Content starts
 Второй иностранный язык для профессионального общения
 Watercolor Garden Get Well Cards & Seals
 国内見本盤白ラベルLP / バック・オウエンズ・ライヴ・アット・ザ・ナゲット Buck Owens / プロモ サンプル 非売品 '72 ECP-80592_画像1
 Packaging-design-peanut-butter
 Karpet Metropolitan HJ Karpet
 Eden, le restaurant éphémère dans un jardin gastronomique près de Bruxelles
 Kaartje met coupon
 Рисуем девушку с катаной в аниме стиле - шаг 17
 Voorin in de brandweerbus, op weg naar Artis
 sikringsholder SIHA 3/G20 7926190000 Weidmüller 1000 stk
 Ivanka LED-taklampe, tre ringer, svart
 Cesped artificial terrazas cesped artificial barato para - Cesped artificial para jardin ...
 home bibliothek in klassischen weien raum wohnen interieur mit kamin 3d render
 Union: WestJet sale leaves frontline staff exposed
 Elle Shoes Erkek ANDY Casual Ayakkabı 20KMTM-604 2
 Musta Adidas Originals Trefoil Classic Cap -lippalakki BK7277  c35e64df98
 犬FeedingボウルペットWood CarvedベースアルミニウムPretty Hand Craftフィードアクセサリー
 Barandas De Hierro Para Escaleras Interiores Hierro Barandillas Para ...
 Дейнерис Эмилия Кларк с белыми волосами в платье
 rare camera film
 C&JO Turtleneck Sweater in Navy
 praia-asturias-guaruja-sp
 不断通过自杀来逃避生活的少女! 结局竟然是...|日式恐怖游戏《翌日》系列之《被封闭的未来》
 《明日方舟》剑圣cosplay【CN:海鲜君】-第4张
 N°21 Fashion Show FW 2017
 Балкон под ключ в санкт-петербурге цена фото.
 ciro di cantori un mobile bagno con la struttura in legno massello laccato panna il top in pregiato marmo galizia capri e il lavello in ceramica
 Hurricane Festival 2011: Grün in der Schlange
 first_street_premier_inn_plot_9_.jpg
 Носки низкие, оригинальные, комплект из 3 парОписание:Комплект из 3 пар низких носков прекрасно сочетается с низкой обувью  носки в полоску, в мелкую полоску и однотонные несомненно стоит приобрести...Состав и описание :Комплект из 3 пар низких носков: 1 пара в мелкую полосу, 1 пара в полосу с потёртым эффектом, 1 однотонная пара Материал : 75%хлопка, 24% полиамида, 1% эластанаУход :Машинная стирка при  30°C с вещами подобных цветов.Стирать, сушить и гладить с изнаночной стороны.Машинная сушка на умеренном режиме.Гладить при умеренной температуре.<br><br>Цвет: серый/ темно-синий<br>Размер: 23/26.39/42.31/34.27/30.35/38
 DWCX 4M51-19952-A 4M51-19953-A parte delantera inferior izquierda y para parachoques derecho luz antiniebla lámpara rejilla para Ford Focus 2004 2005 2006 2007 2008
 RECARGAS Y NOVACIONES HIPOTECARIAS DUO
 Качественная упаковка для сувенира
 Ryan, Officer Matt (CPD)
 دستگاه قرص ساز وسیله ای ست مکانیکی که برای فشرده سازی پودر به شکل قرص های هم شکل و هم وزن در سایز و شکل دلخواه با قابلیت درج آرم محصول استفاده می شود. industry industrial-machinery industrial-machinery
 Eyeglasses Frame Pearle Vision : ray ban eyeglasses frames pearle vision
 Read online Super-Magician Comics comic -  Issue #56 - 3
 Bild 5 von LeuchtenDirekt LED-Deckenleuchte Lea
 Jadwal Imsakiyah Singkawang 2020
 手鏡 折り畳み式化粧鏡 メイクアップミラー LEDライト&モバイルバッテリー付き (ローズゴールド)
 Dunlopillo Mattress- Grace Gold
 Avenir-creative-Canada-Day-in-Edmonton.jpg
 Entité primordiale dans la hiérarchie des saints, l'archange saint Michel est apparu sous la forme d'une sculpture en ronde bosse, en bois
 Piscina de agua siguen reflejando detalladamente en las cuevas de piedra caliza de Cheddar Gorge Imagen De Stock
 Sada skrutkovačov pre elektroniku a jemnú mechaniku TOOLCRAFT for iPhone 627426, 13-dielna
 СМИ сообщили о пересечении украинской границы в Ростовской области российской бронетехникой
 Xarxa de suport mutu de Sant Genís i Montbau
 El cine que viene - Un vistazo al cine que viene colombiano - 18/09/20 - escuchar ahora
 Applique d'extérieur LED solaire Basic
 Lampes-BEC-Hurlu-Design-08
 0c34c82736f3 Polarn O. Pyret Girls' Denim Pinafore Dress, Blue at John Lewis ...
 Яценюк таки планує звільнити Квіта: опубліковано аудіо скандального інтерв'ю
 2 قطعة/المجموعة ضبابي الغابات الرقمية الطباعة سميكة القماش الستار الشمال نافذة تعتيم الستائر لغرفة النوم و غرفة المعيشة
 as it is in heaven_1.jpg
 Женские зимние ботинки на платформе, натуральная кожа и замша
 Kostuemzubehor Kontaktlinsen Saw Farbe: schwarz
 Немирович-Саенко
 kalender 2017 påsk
Content ends
=== REQUIRED WORK ===
For this exercise, please output exactly the lines above starting at the line with "国内見本盤白ラベルLP / バック・オウエンズ・ライヴ・アット・ザ・ナゲット" and ending at the line with "Ivanka LED-taklampe, tre ringer, svart", ends included.

=== TASK RESULT ===
 国内見本盤白ラベルLP / バック・オウエンズ・ライヴ・アット・ザ・ナゲット Buck Owens / プロモ サンプル 非売品 '72 ECP-80592_画像1
 Packaging-design-peanut-butter
 Karpet Metropolitan HJ Karpet
 Eden, le restaurant éphémère dans un jardin gastronomique près de Bruxelles
 Kaartje met coupon
 Рисуем девушку с катаной в аниме стиле - шаг 17
 Voorin in de brandweerbus, op weg naar Artis
 sikringsholder SIHA 3/G20 7926190000 Weidmüller 1000 stk
 Ivanka LED-taklampe, tre ringer, svart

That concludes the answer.